[Importance of the molecular diagnosis in the screening of alpha-thalassemia].

The term alpha thalassemia refers to inherited disorders of hemoglobin caused by reduced or absent synthesis of alpha globin chains. This paper highlights that in the presence of a alfa2-Tal (-α/αα), called the silent, the biochemical diagnosis turns out to be insufficient.
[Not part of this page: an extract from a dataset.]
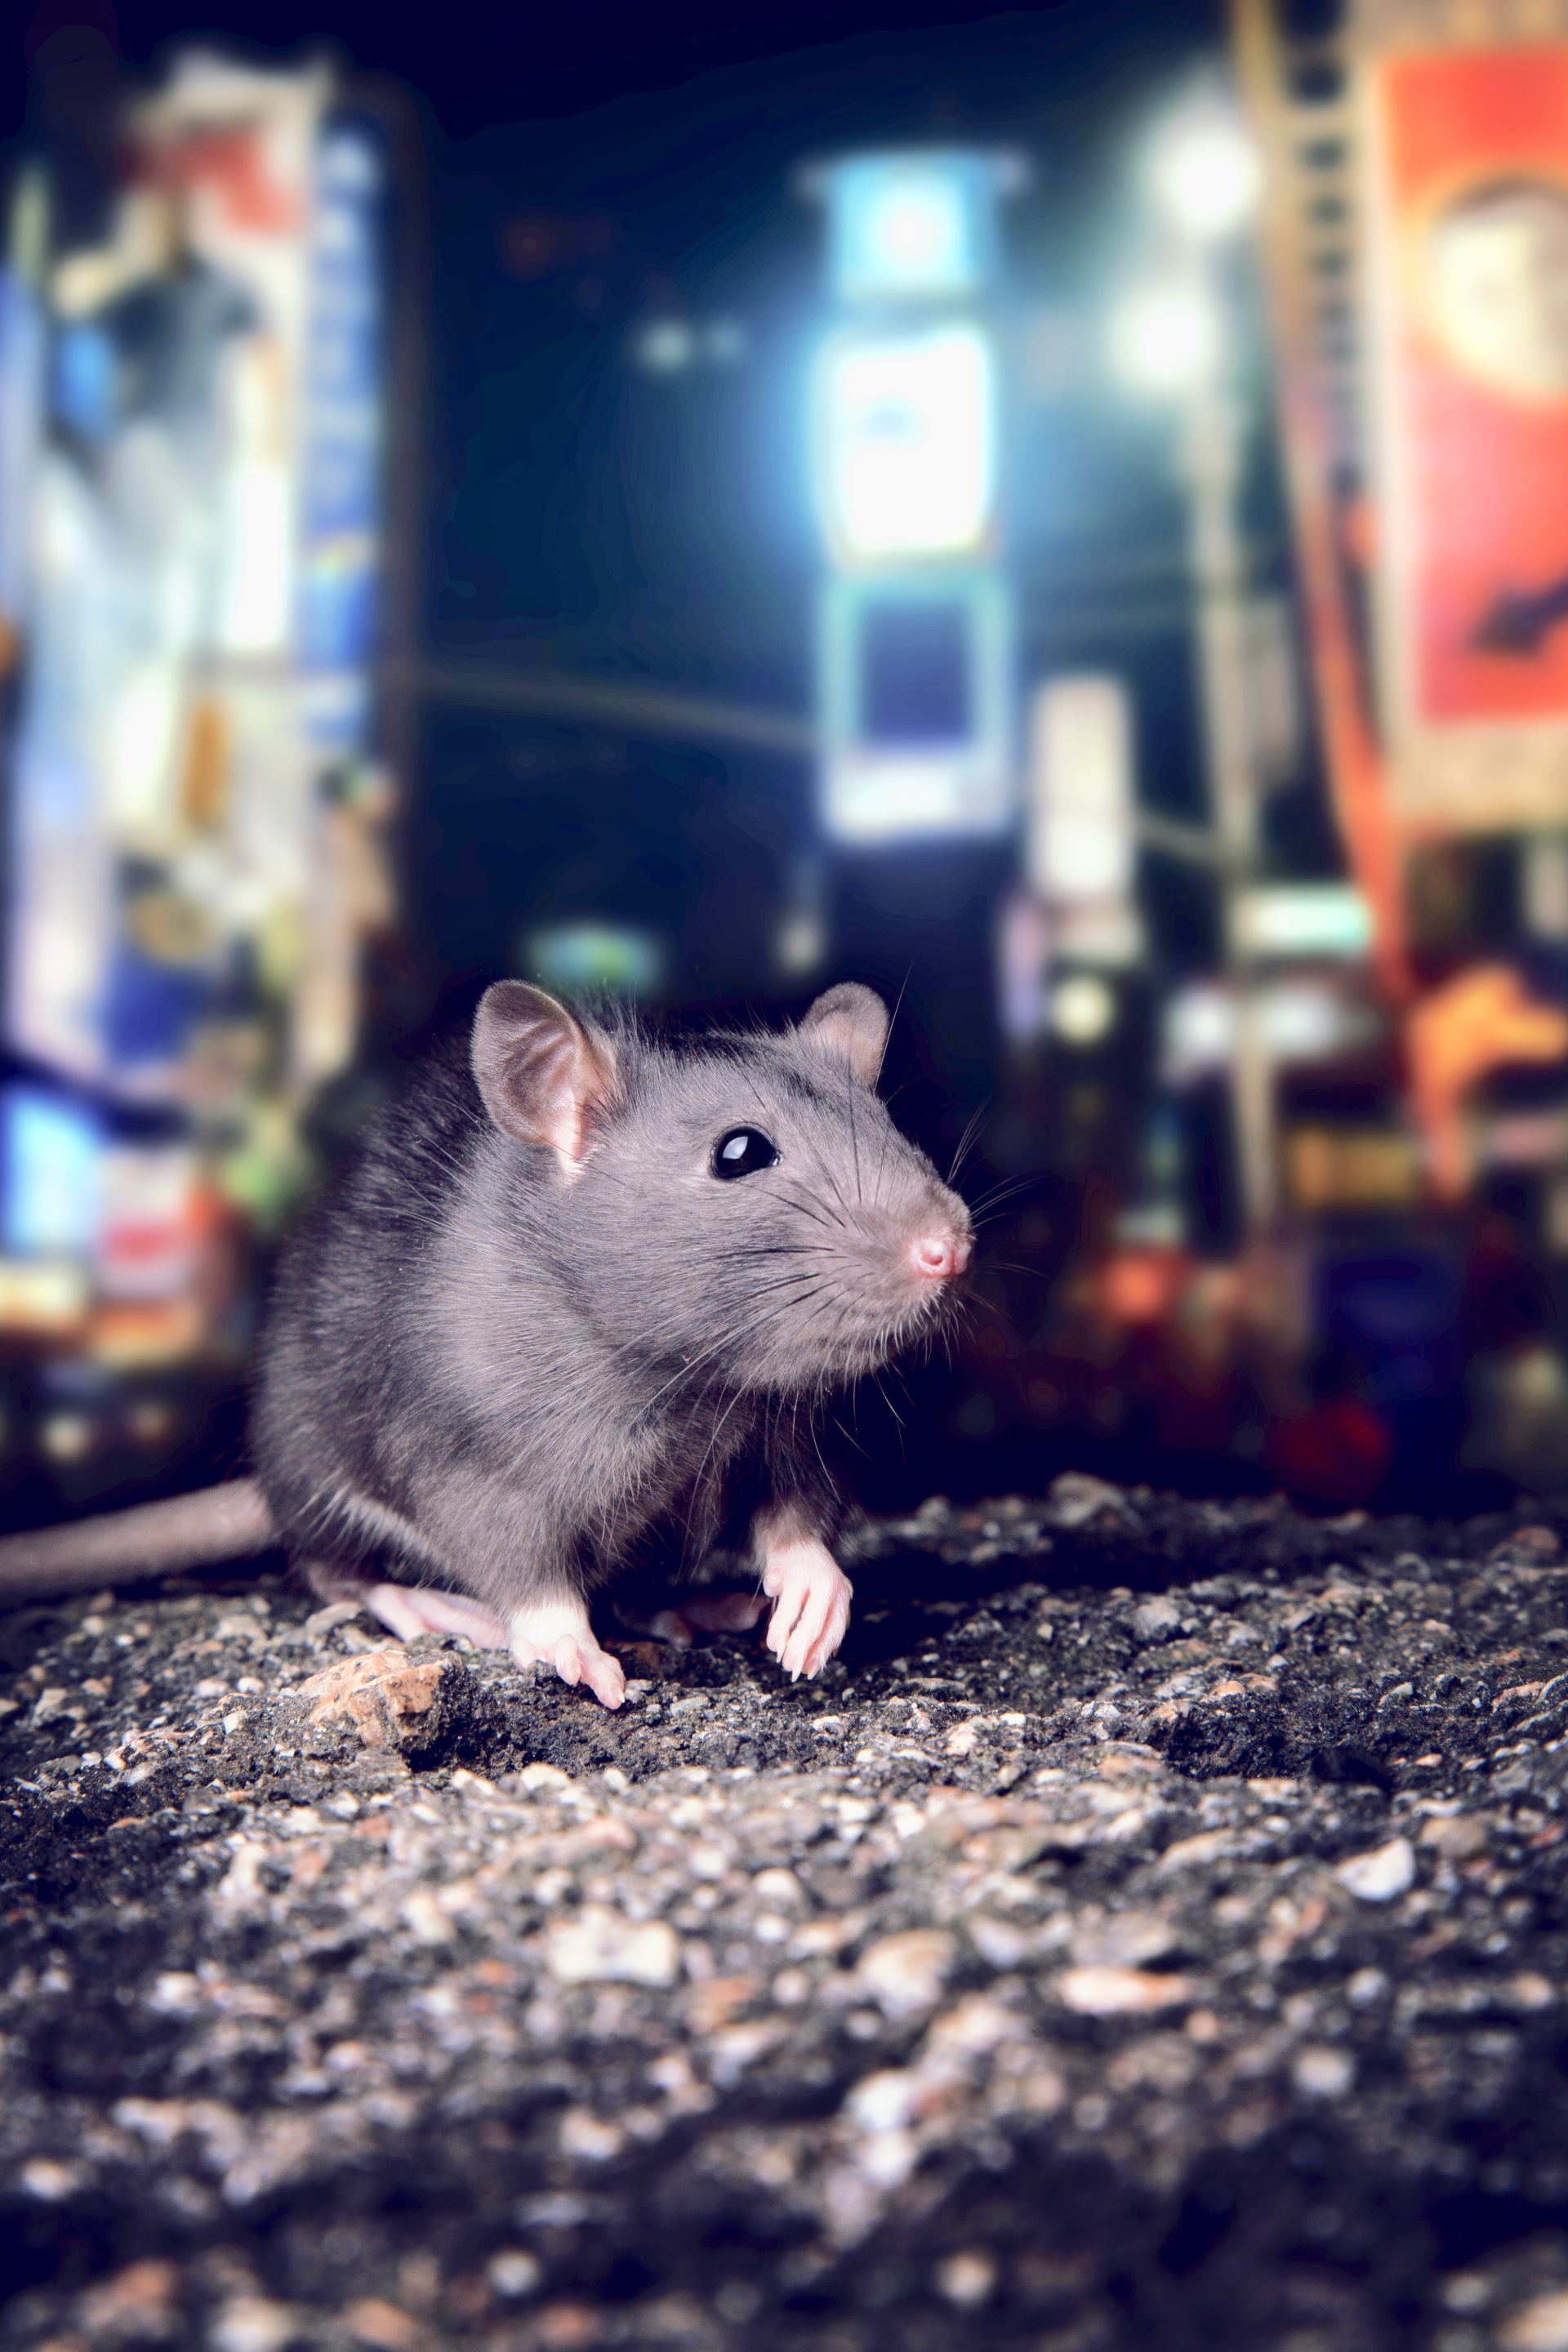 Solutions anti rat et souris 100% efficace - ProtectHome

In these cases, the molecular study of alpha-globin genes is necessary for identification. In reason of this we present the following case report. A woman of 29 years, pregnant at 12(a) weeks, arrived at our observation to undergo prenatal screening test for Down and Edwards syndromes (bitest). The medical history of the couple revealed that both had doubts haematological indices: Mr. T.G. had a biochemical framework related to alpha1-Tal (MCV 58.8fl, MCH 19.8pg, HbA2: 1.9, HbF:0.4, erythrocytes 6.58x10(6)/ul ed Hb 13g/dl), which was confirmed by molecular analysis (genotype alfa(0-20.5Kb)). Particular difficulties of interpretation presented the C.F. patient who had a biochemical phenotype border line (MCV 79.8fl, MCH 27.2pg, HbA2: 2.9, HbF: 0.6, erythrocytes 5.11x10(6)/ul, Hb 12.8 g/dl). Only molecular analysis has found with certainty that Mrs. C.F. appeared to be phenotypically alpha2-TAL (-α/αα) for the presence of the mutation "alfa2 init.Cd(T>C) NcoI". In the event, as in our case, there is a couple where one spouse is alpha2-TAL (-α/αα) and the other alpha1-TAL (--/αα), must have to inform the couple about the possibility of conceiving a child with hemoglobin H (HbH). Far from the authors refer to the idea of prenatal diagnosis for couples at risk to bear children with HbH, but it is worth highlighting the importance of a careful study of the blood parameters and an extensive and precise information about the clinical implications related to complications of alpha thalassemia.